* _TASK INSTRUCTIONS_
Give again, word for word, the lines below that run from the line with "Senior woman disturbed by man snoring" through the line with "placemat blocks arranged". Drop the pictures.

* _MATERIAL FOR THIS TASK_
· · · · · · ·

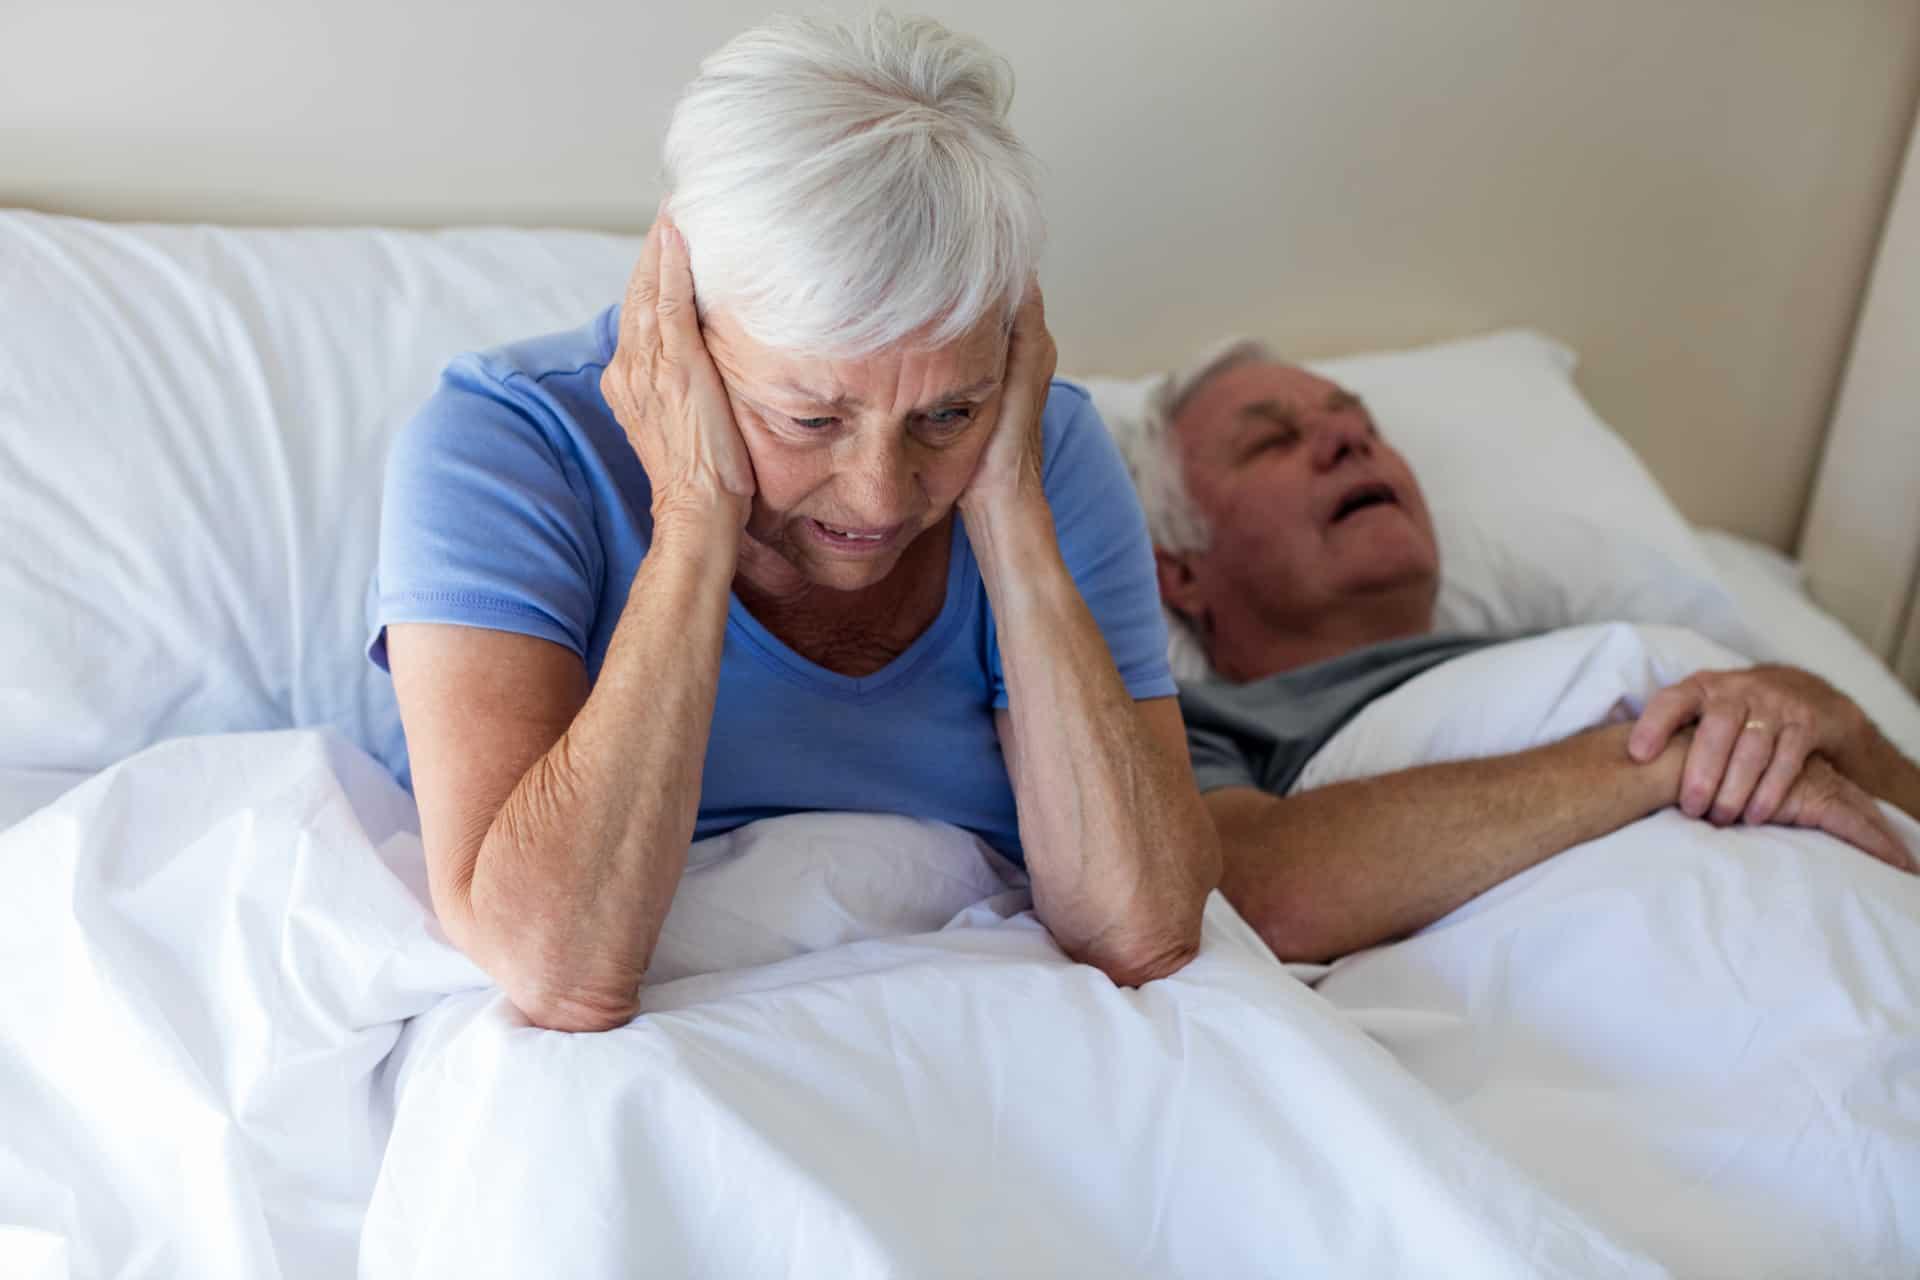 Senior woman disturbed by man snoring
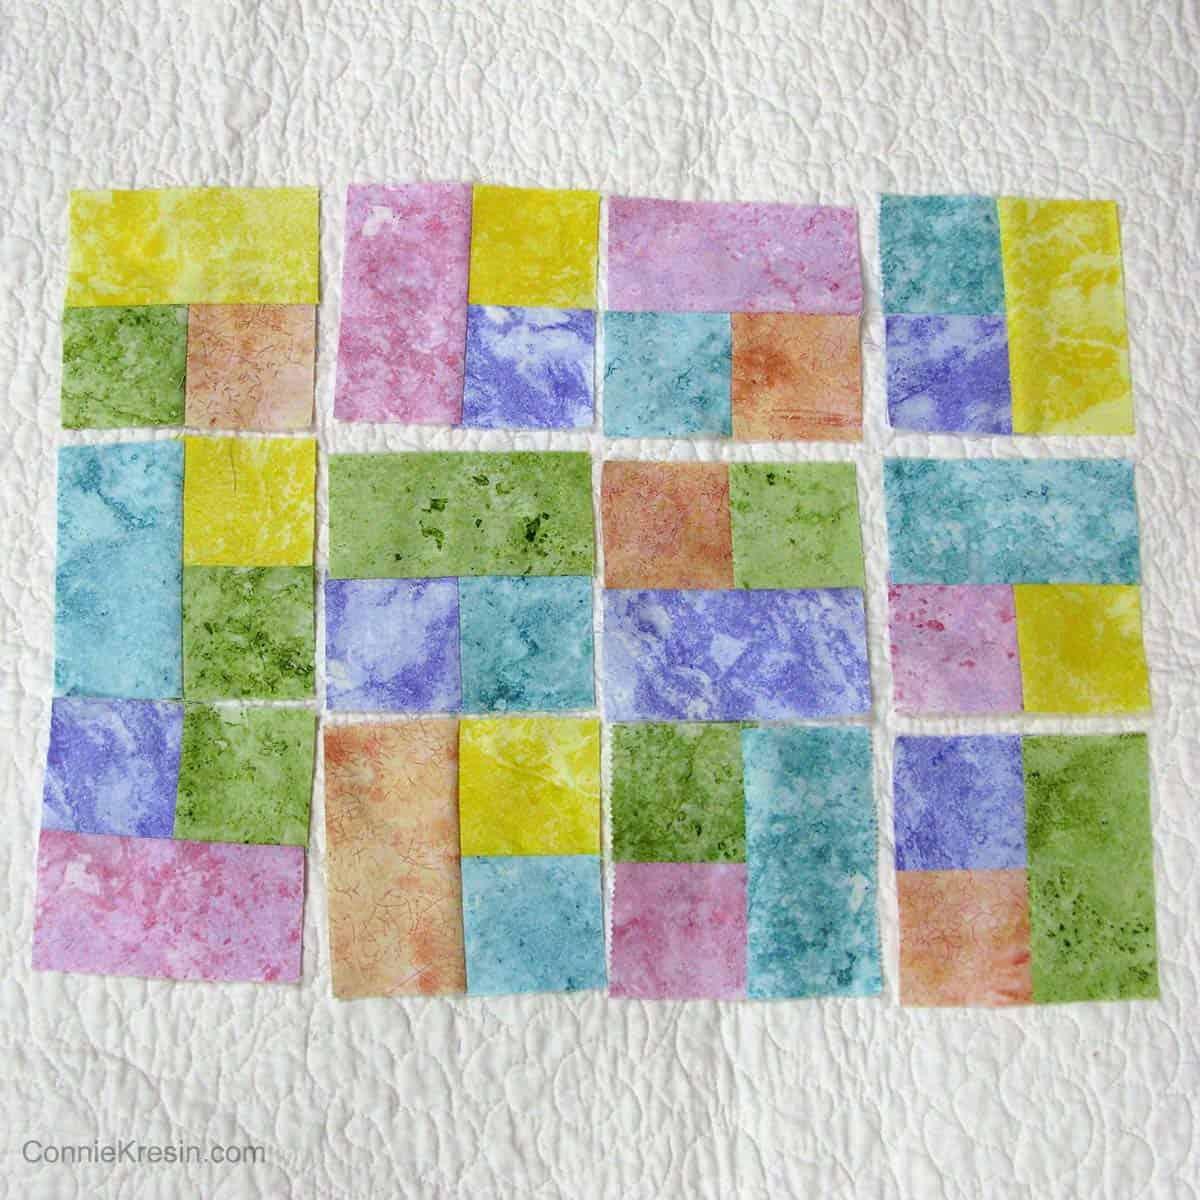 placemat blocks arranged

· · · · · · ·

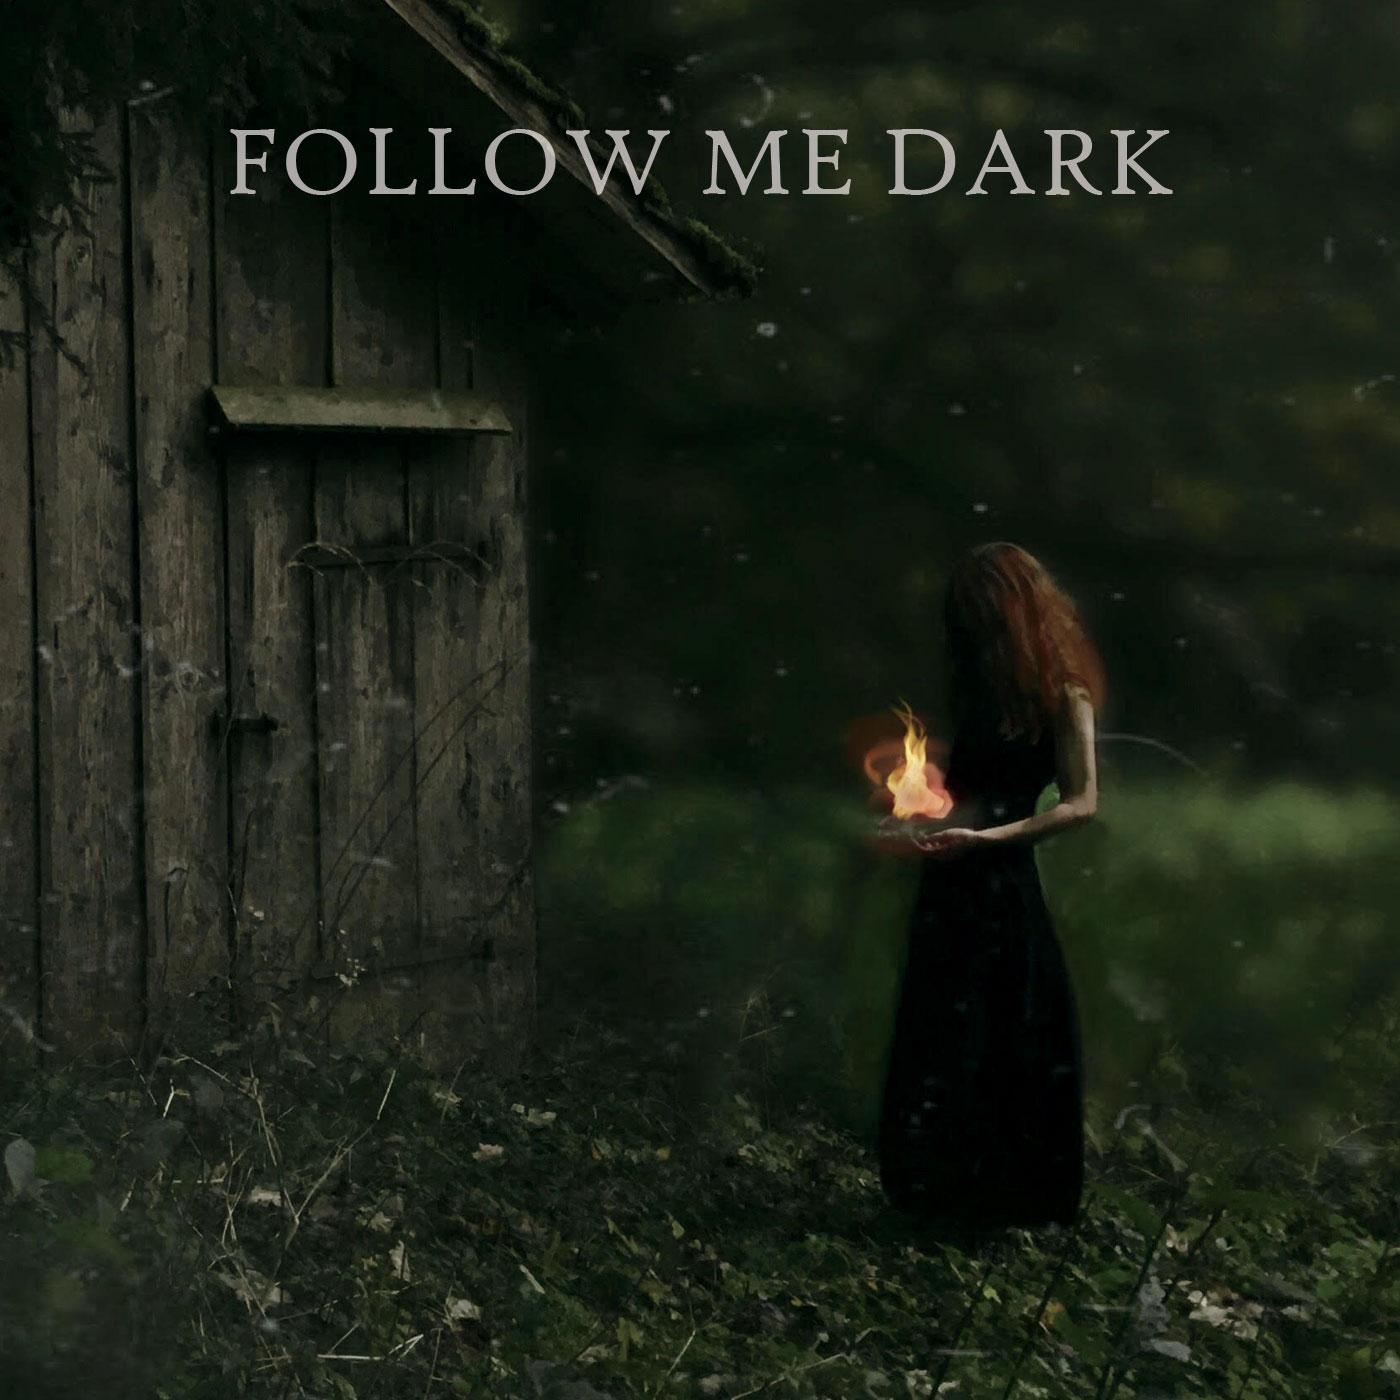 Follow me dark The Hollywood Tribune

· · · · · · ·

* _OUTPUT FOR THIS EXERCISE_
 Senior woman disturbed by man snoring
 placemat blocks arranged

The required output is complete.